We also present a more advanced Swarm Wave implementation, also derived from Fractal AI principles, that allows one to solve Markov decision processes under a perfect/informative model of the environment. This implementation is far more efficient than FMC, effectively "solving" a substantial number of Atari games.

The code provided under this repository exemplifies how it is now possible to beat some of the current state-of-the-art benchmarks on Atari games while generating a large set of top-performing examples with little computation required, turning Reinforcement Learning (RL) into a supervised problem.

These new algorithms propose a new approach to modeling the decision space, while maintaining control over any aspects of the agent's behavior. The algorithms can be applied to all combinations of discrete or continuous decision and state spaces.

Quick Start

To quickly understand the fundamentals of Fractal AI you can refer to the Introduction to FAI. The document provides a brief explanation of the algorithms here presented and their potential applications on the field of Reinforcement Learning.

To test how the Fractal Monte Carlo Agent performs on any Atari game you can refer to the FMC example notebook.

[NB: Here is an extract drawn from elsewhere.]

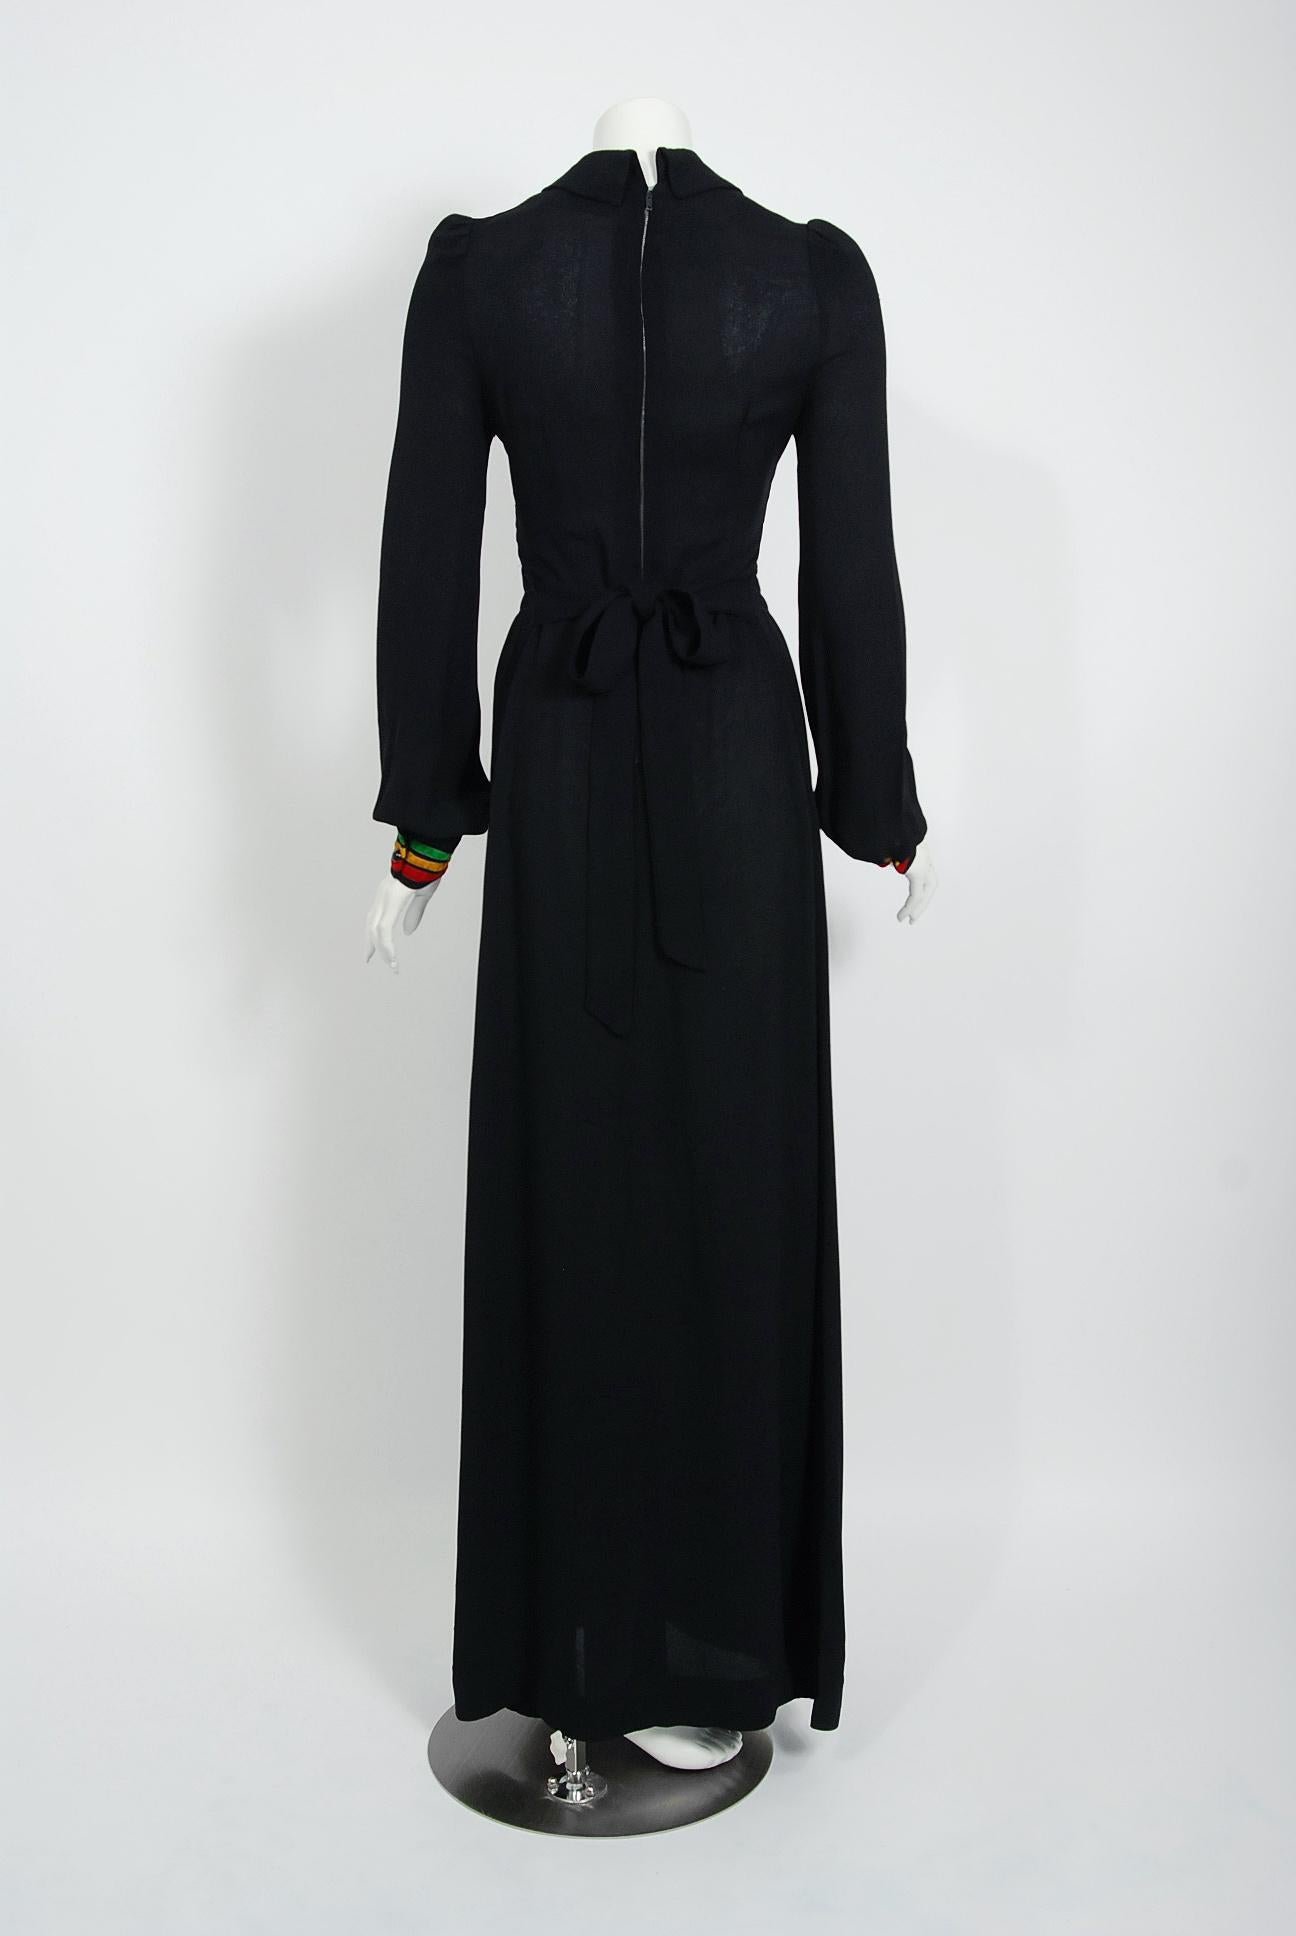 1975 Ossie Clark for Radley Traffic-Light Stripe Black Crepe Smocked Maxi Dress  3

This example allows us to run games using either the RAM content or the pixel render as observations.

To better understand how the Swarm Wave algorithm works in practice you can refer to the Swarm Wave example notebook.

Pleas note the authors are open to discuss the ideas and code here presented under the conceptual framework of Reinforcement Learning and its standard terminology.

Installation

The code provided aims to be both simple and self-explanatory. Requirements and instructions to set up the environment are provided below.

Requirements

Python 3. Python 2 is not supported nor currently expected to be supported.
Python numpy library.
Python OpenAI Gym [Atari] [2].
- OpenAI Gym dependencies.
(Optional) Jupyter Notebook for running the example notebooks provided.

Installing dependencies

As a first step, install the dependencies as explained on the OpenAI gym documentation:

To install the full set of environments, you'll need to have some system packages installed. We'll build out the list here over time; please let us know what you end up installing on your platform. In case you want to run the notebook:

pip3 install jupyter

On OSX:

brew install cmake boost boost-python sdl2 swig wget

On Ubuntu 14.04:

sudo apt-get install -y python-numpy python-dev cmake zlib1g-dev libjpeg-dev xvfb libav-tools xorg-dev python-opengl libboost-all-dev libsdl2-dev swig libav-tools

Cloning and Installing the FractalAI Repository

On the terminal, run:

git clone [email protected]:FragileTheory/FractalAI.git
cd FractalAI
sudo pip3 install -e .

Benchmarks

It doesn't matter how beautiful your theory is, it doesn't matter how smart you are.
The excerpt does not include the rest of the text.